Вовка глядел, как она ест, грузно шевеля крутыми боками, как то и дело подымает от ведра мокрую морду и шевелит губами, с которых обратно стекает, и как сыто-дурными, покойными становятся карие Ночкины глаза. Но вот Ночка все выхлебала, отступила от ведра вбок и, стукаясь мослами, повалилась на пол. Вовка вытащил из кормушки вчерашнюю, курами обклеванную репу и положил ее перед Ночкой. А во влажной прохладности стайки опять зазудели слепни, и Ночка захлесталась хвостом.
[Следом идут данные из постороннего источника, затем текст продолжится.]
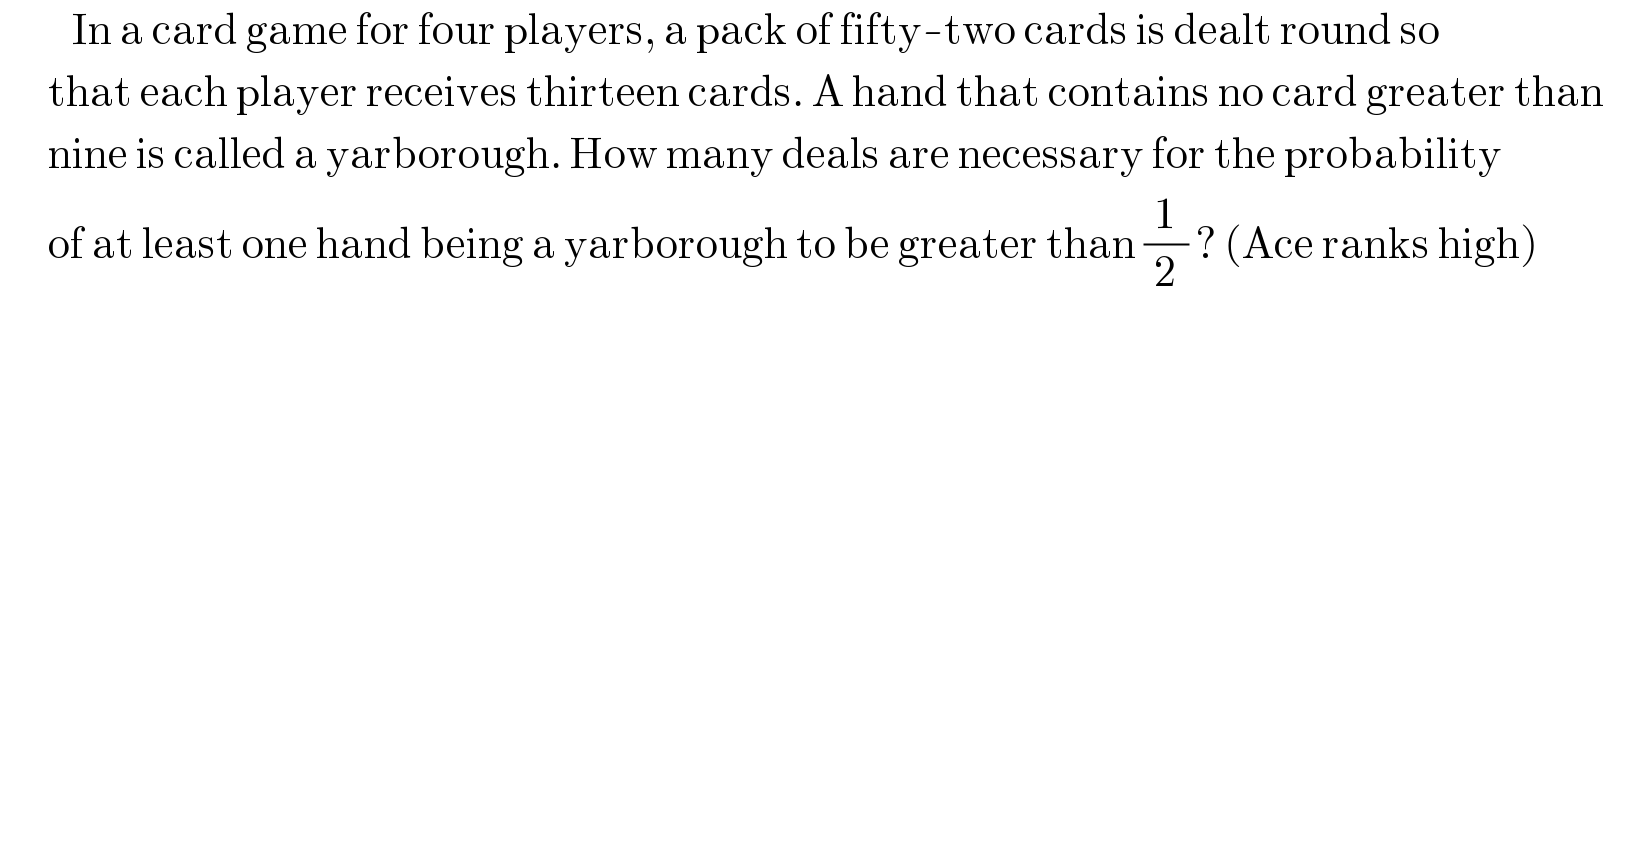          In a card game for four players, a pack of fifty-two cards is dealt round so        that each player receives thirteen cards. A hand that contains no card greater than              nine is called a yarborough. How many deals are necessary for the probability        of at least one hand being a yarborough to be greater than (1/2) ? (Ace ranks high)

Вовка тихо погладил Ночку, замечая, что вся шерсть у нее в паутинках нынче, в веточках, в репьях.
«Бежала! — сообразил он. — Через все шла! Потому как домой. Ее продали, разделили всю уже, а она вот не понимает. Не верит ведь, что с нею так смогли обойтися. Ведь никак не верит! Эх, Ночка…»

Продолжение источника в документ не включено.